- Catcher
- Born: February 10, 1959 (age 67) Darby, Pennsylvania, U.S.
- Batted: RightThrew: Right

MLB debut
- July 30, 1983, for the Los Angeles Dodgers

Last MLB appearance
- October 4, 1987, for the California Angels

MLB statistics
- Batting average: .228
- Home runs: 2
- Runs batted in: 28
- Stats at Baseball Reference

Teams
- Los Angeles Dodgers (1983–1984, 1986); California Angels (1987);

= Jack Fimple =

American baseball player (born 1959)

John Joseph Fimple (born February 10, 1959) is an American former professional baseball catcher. He played in Major League Baseball (MLB) for the Los Angeles Dodgers and California Angels.

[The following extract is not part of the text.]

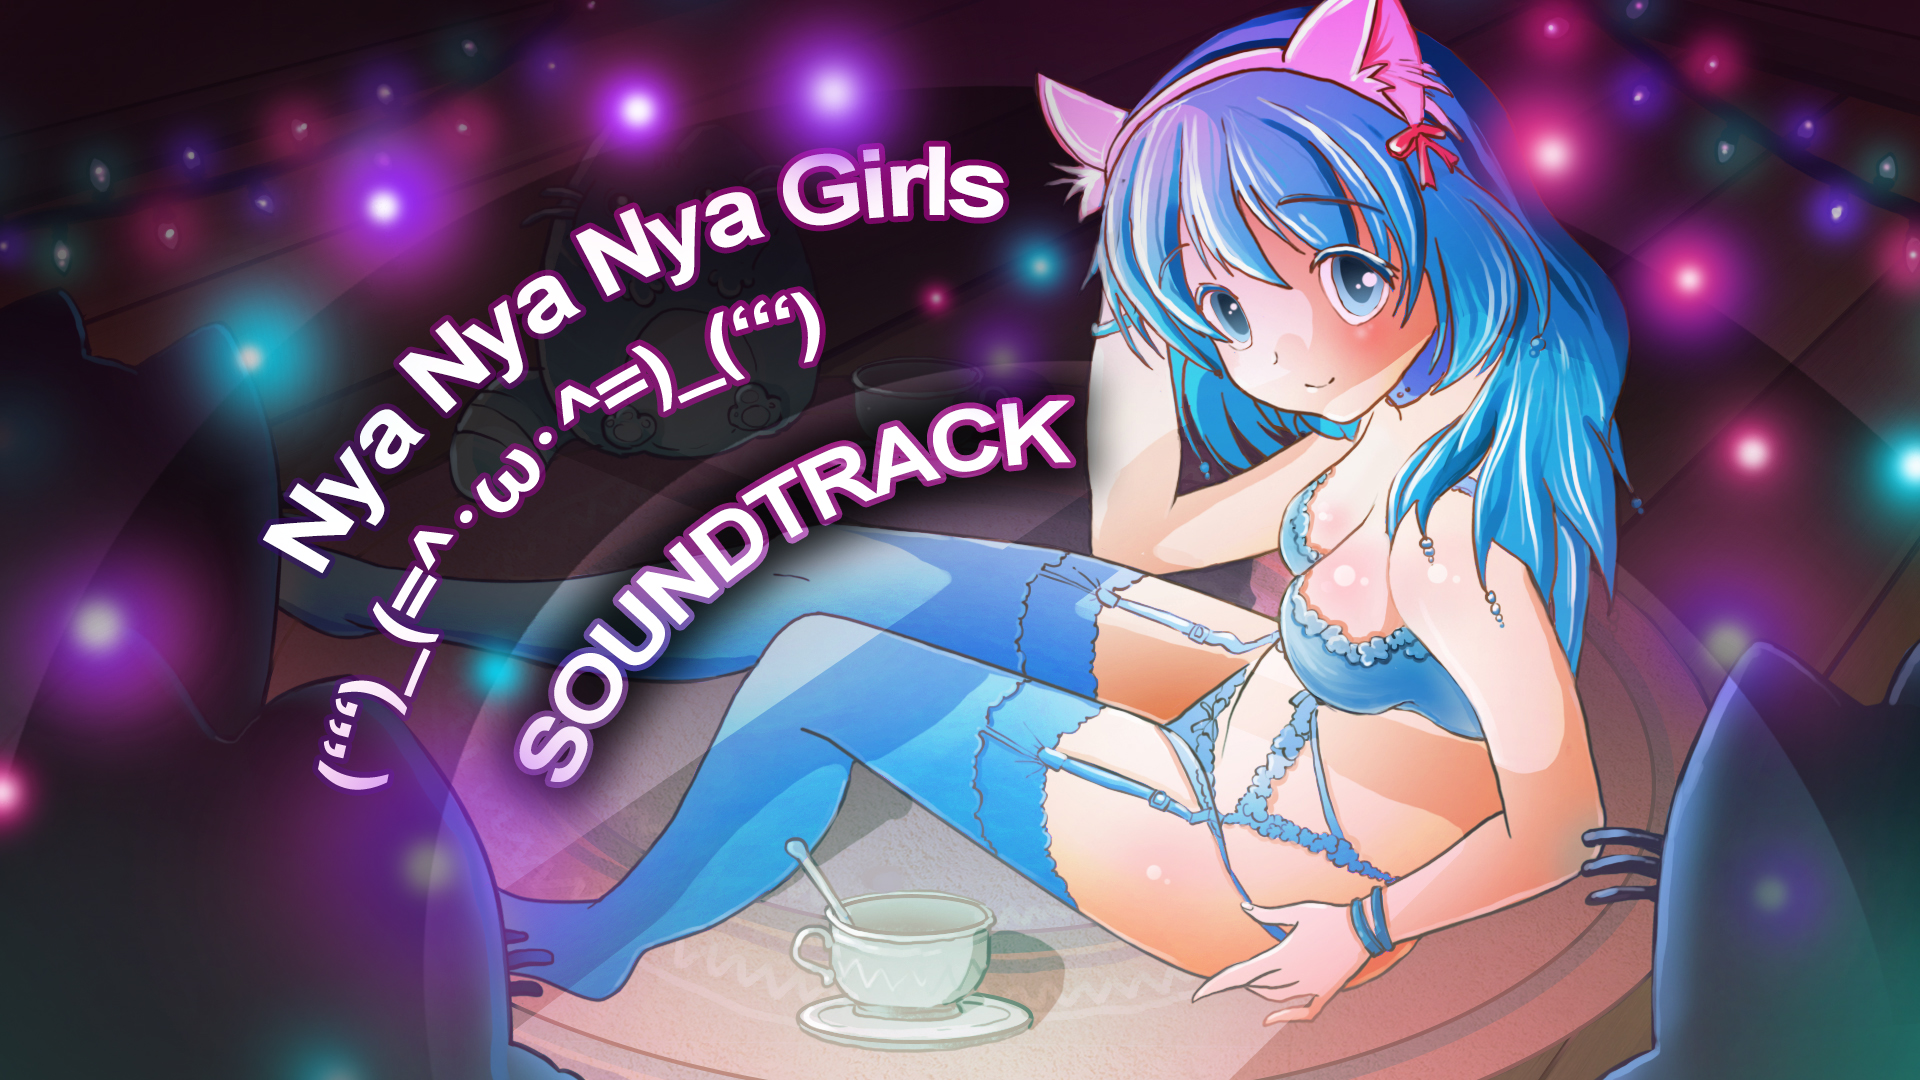 Nya Nya Nya Girls (ʻʻʻ)_(=^･ω･^=)_(ʻʻʻ) - Soundtrack Featured Screenshot #1

Drafted by the Cleveland Indians in the 29th round of the 1980 Major League Baseball draft, Fimple made his MLB debut with the Dodgers on July 30, 1983, and appeared in his final game on October 4, 1987. He attended college at Humboldt State University.

==Amateur career==
Fimple attended Montgomery High School in Santa Rosa, California, but quit the school's baseball team after an argument with the coach. After high school, he enlisted in the United States Coast Guard. While in the Coast Guard in 1979, he attended an open tryout for the semi-pro Humboldt Crabs. His performance with the Crabs earned him an invitation to play college baseball at Humboldt State where he played for one season before he was drafted by the Cleveland Indians in the 29th round of the 1980 MLB draft.

==Pro career==
Fimple made his pro debut for the Batavia Trojans of the New York-Penn League. Despite having future major league stars like Kelly Gruber and Dave Gallagher, the Trojans finished the season 30-43. The next season Fimple played for the Waterloo Indians of the Midwest League. During that season Fimple was the team's primary catcher. He batted .288 with 10 home runs and 21 doubles, showing speed not often found in a catcher. In December 1981, the Indians traded Fimple along with pitcher Larry White and Outfielder Jorge Orta to the Los Angeles Dodgers for second baseman Jack Perconte and starting pitcher Rick Sutcliffe.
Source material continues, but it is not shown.